Like many Advent of Code puzzles, this is a graph search problem. Such problems are highly amenable to recursive solutions.

In large graphs, it may be necessary to memoize intermediate results in order to get good performance. But here, it turns out that the graphs are small enough that recursion alone does the job just fine.

Shared code

Let's start by representing coordinate pairs:

  type Pos = (Int, Int)
extension (pos: Pos)
def +(other: Pos): Pos =
(pos(0) + other(0), pos(1) + other(1))

and the input grid:

  type Topo = Vector[Vector[Int]]
extension (topo: Topo)
def apply(pos: Pos): Int =
topo(pos(0))(pos(1))
def inBounds(pos: Pos): Boolean =
pos(0) >= 0 && pos(0) < topo.size &&
pos(1) >= 0 && pos(1) < topo.head.size
def positions =
for row <- topo.indices
column <- topo.head.indices
yield (row, column)

So far this is all quite typical code that is usable in many Advent of Code puzzles.

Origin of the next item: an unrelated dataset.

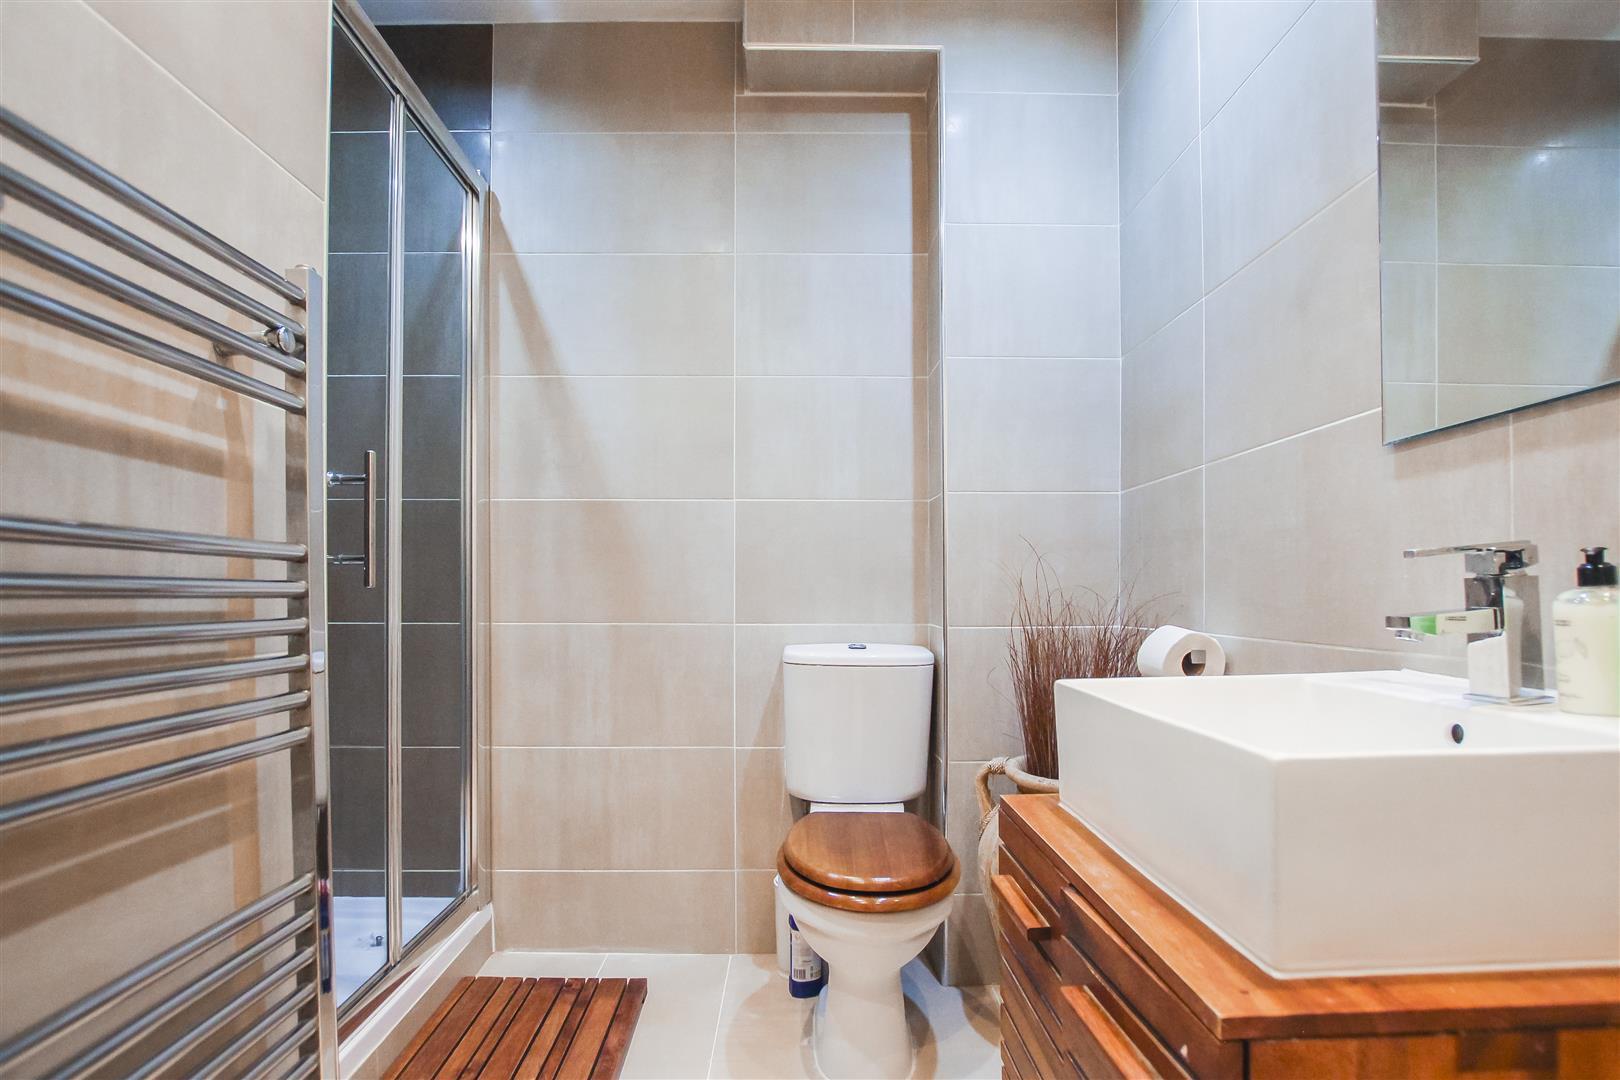 3 Bedroom Semi-detached House For Sale - Shower Room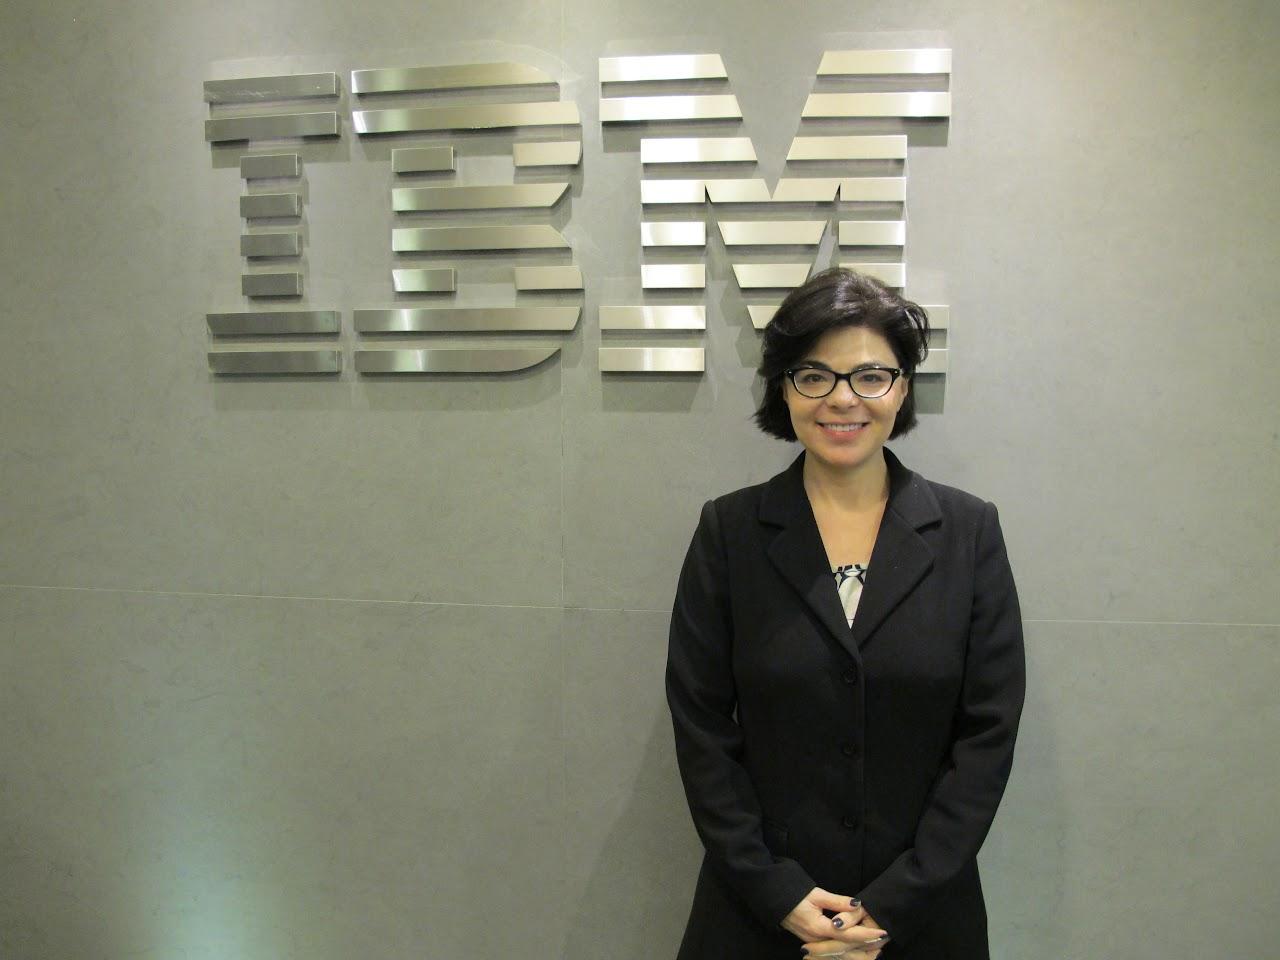 [專訪] IBM資安總顧問看物聯網資安:最大風險是危及人身安全

Reading the input is typical as well:

  def getInput(name: String): Topo =
io.Source.fromResource(name)
.getLines
.map(_.map(_.asDigit).toVector)
.toVector

In order to avoid doing coordinate math all the time, let's turn the grid into a graph by analyzing which cells are actually connected to each other. Each cell can only have a small number of "reachable" neighbors -- those neighbors that are exactly 1 higher than us.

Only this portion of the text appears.